LERCHE ▪ Die Verfüllung des Schachts Lerche soll am Montag, 8. August, beginnen, wie Dirk Rehermann, Mitarbeiter der Öffentlichkeitsarbeit des Bergwerks, auf Anfrage bestätigte. Derzeit werden die Verfüllmaterialien angeliefert und die Verfüllmaschine aufgebaut. Bereits am vergangenen Samstag wurden die vier Förderseile abgelegt.

Am Vormittag gab Reviersteiger Rüdiger Foschepoth das Kommando zum Ablegen der Seile, die jeweils 1500 Meter lang sind. Sie verbanden das Kokskohlenfeld „Monopol“ mit der Tagesoberfläche, lieferten Material in die Grube und sorgten für eine sichere Seilfahrt für die Mitarbeiter. „Das Ablegen von Förderseilen ist keine alltägliche Arbeit“, so Foschepoth, „aber die Mannschaft ist hoch motiviert und erfahren, um dies sicher durchzuführen.“

Es vergingen etwa sechs Stunden zwischen dem Abschlagen der Seile vom Förderkorb bis zum finalen Ablegen der Förderseile auf der Rasenhängebank.

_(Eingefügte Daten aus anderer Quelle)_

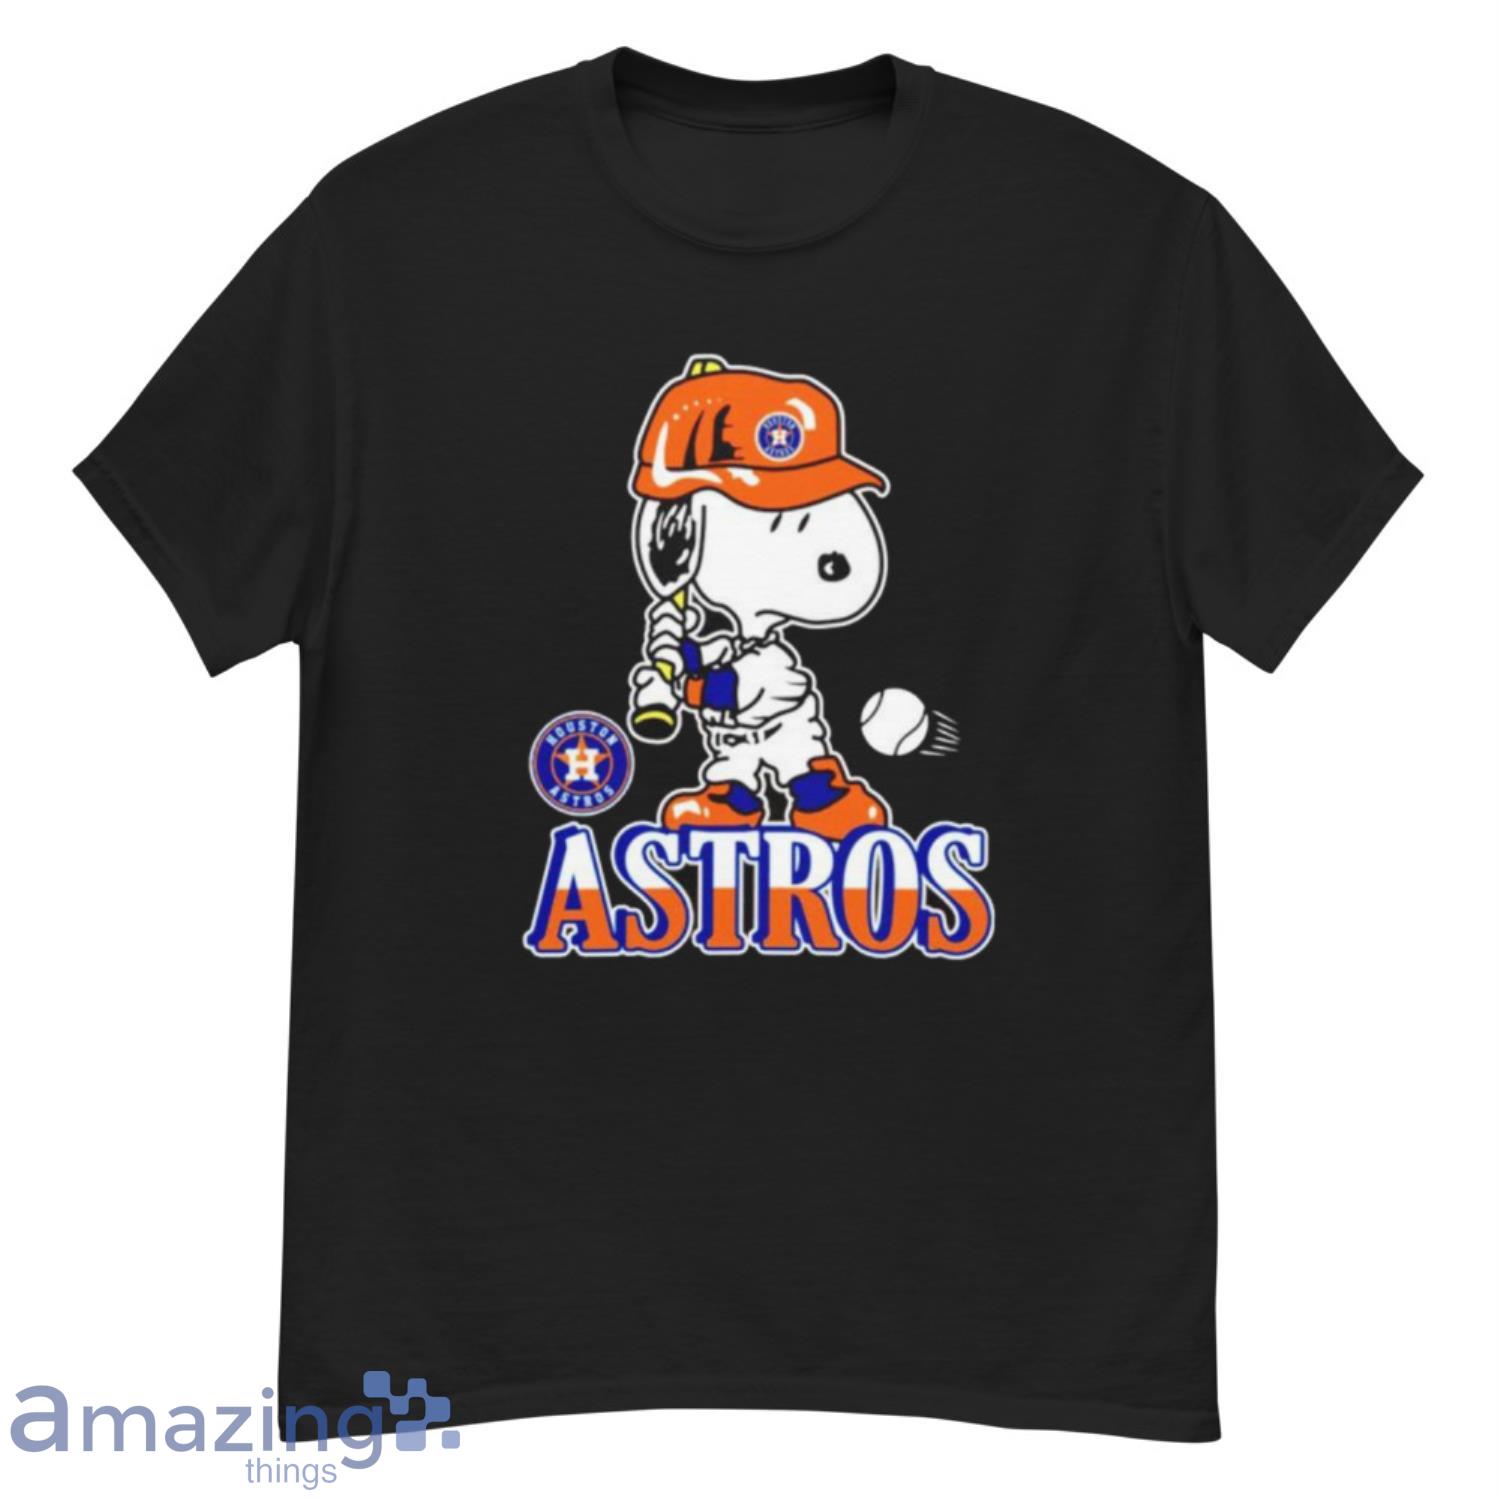 Houston Astros Shirt - Colorful Baseball Unisex Hoodie Short Sleeve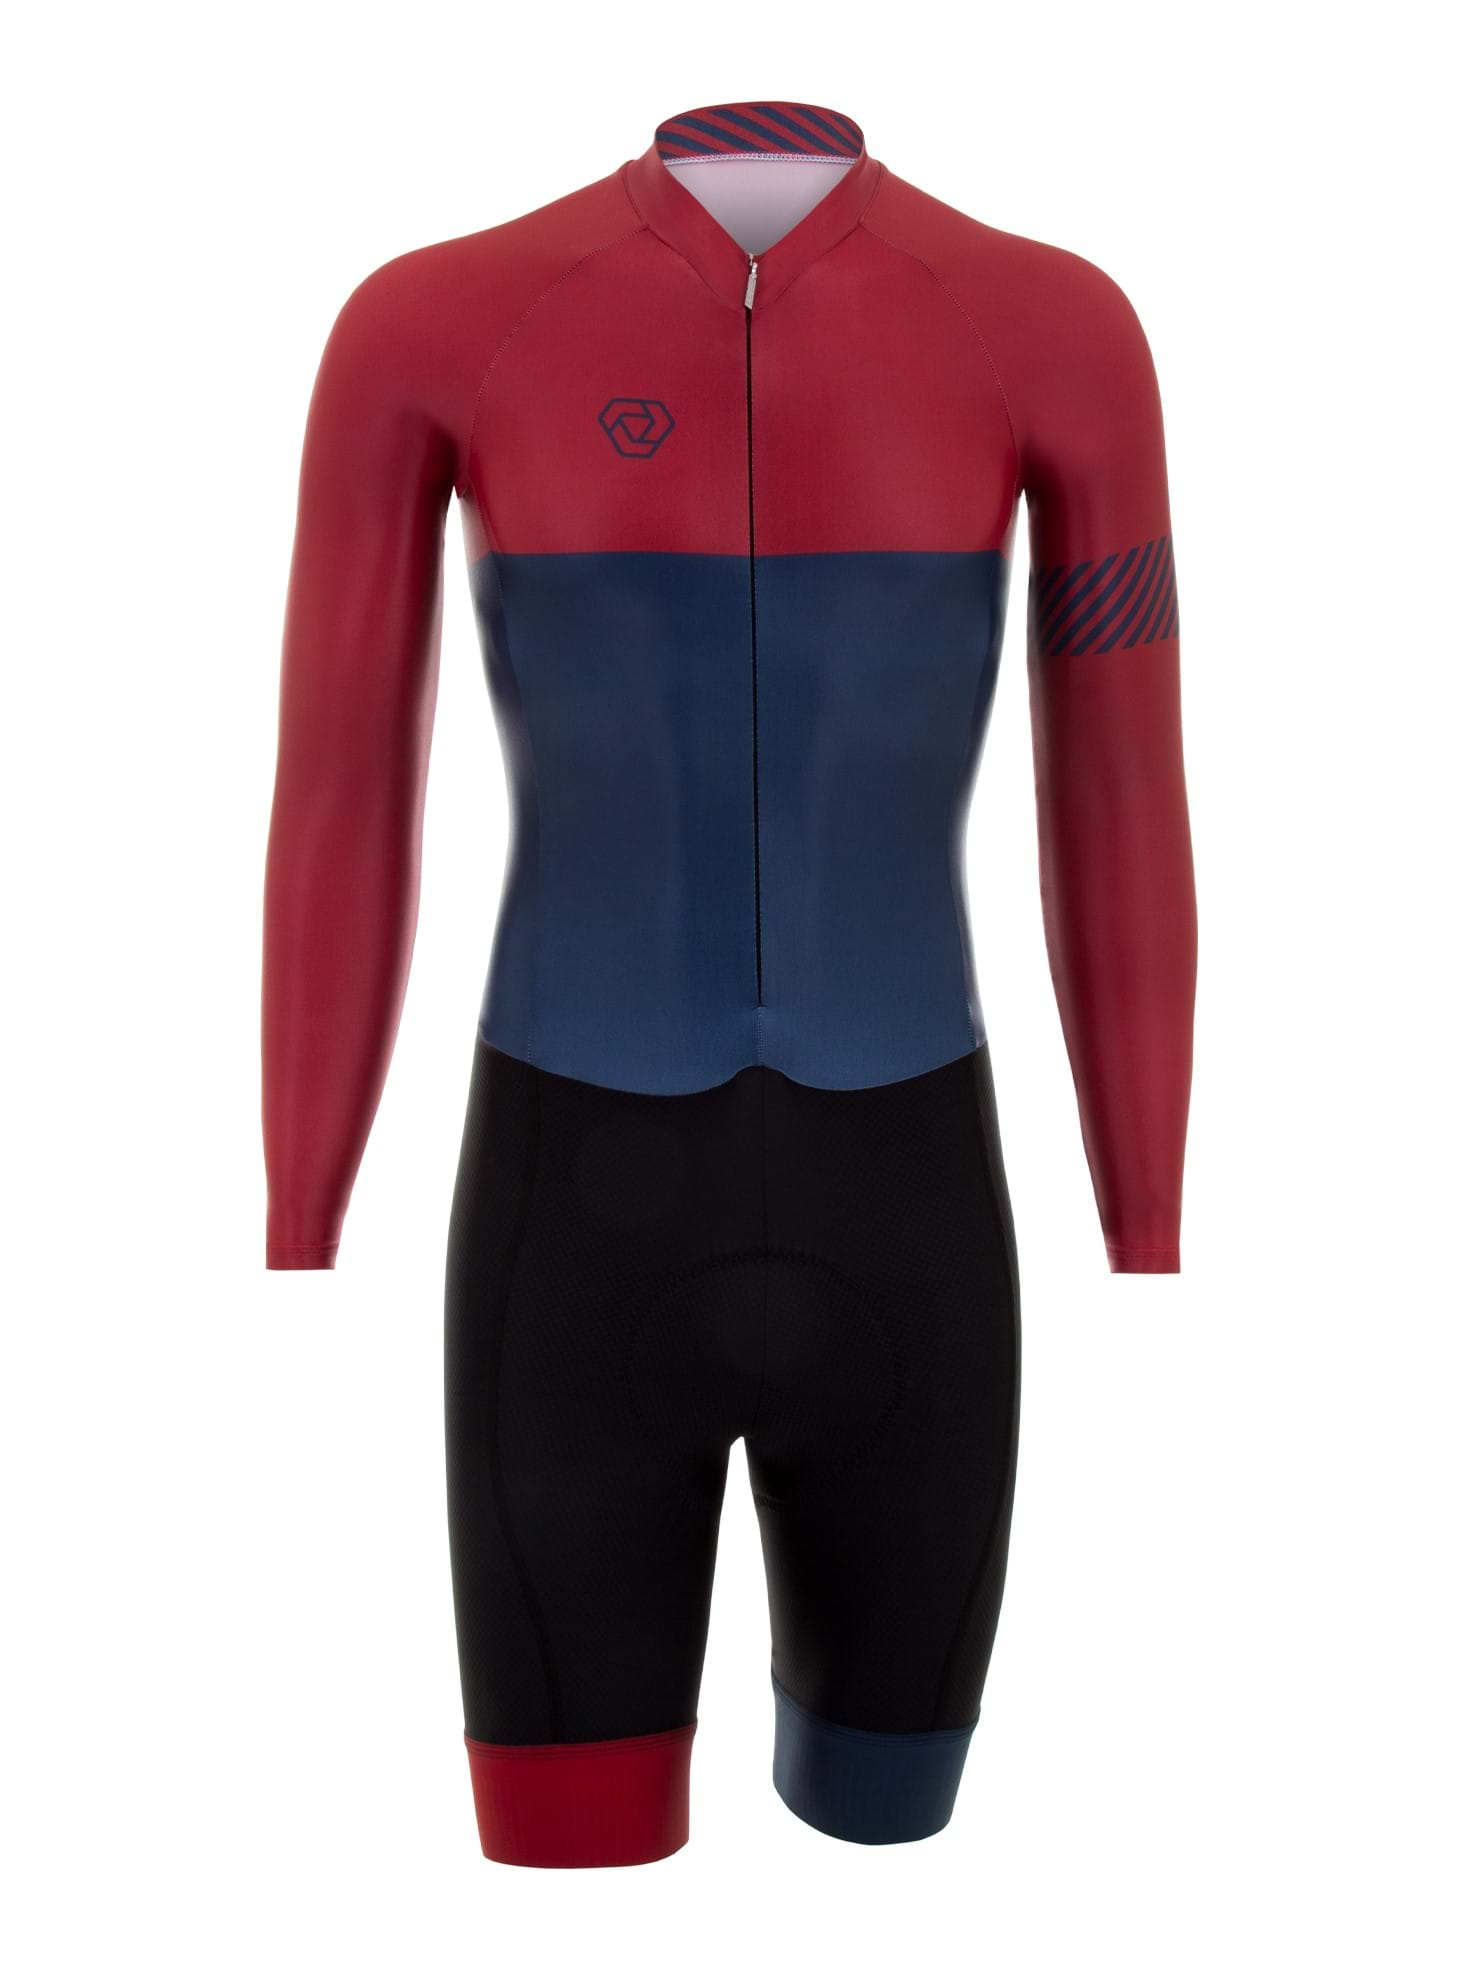 Verge Sport Classic Speedsuit Long Sleeve Cycling Race Skinsuit

Die Seile wurden als Sonderanfertigung speziell für den Schacht Lerche angefertigt und können aus diesem Grund nicht weiterverwendet werden. Am Wochenende wurden die vier Seile aufgetrommelt. Jetzt werden sie als Sondermüll verschrottet.

„Das Verfahren gleicht dem eines Seilwechsels“, sagt Reviersteiger Foschepoth. „Beim endgültigen Ablegen von Förderseilen kommt aber schon ein wenig Wehmut auf.“

Am kommenden Montag beginnt schließlich die Verfüllung des Schachts. Dazu werden rund 140 000 Tonnen Verfüllmaterial kontinuierlich in den Schacht gefüllt.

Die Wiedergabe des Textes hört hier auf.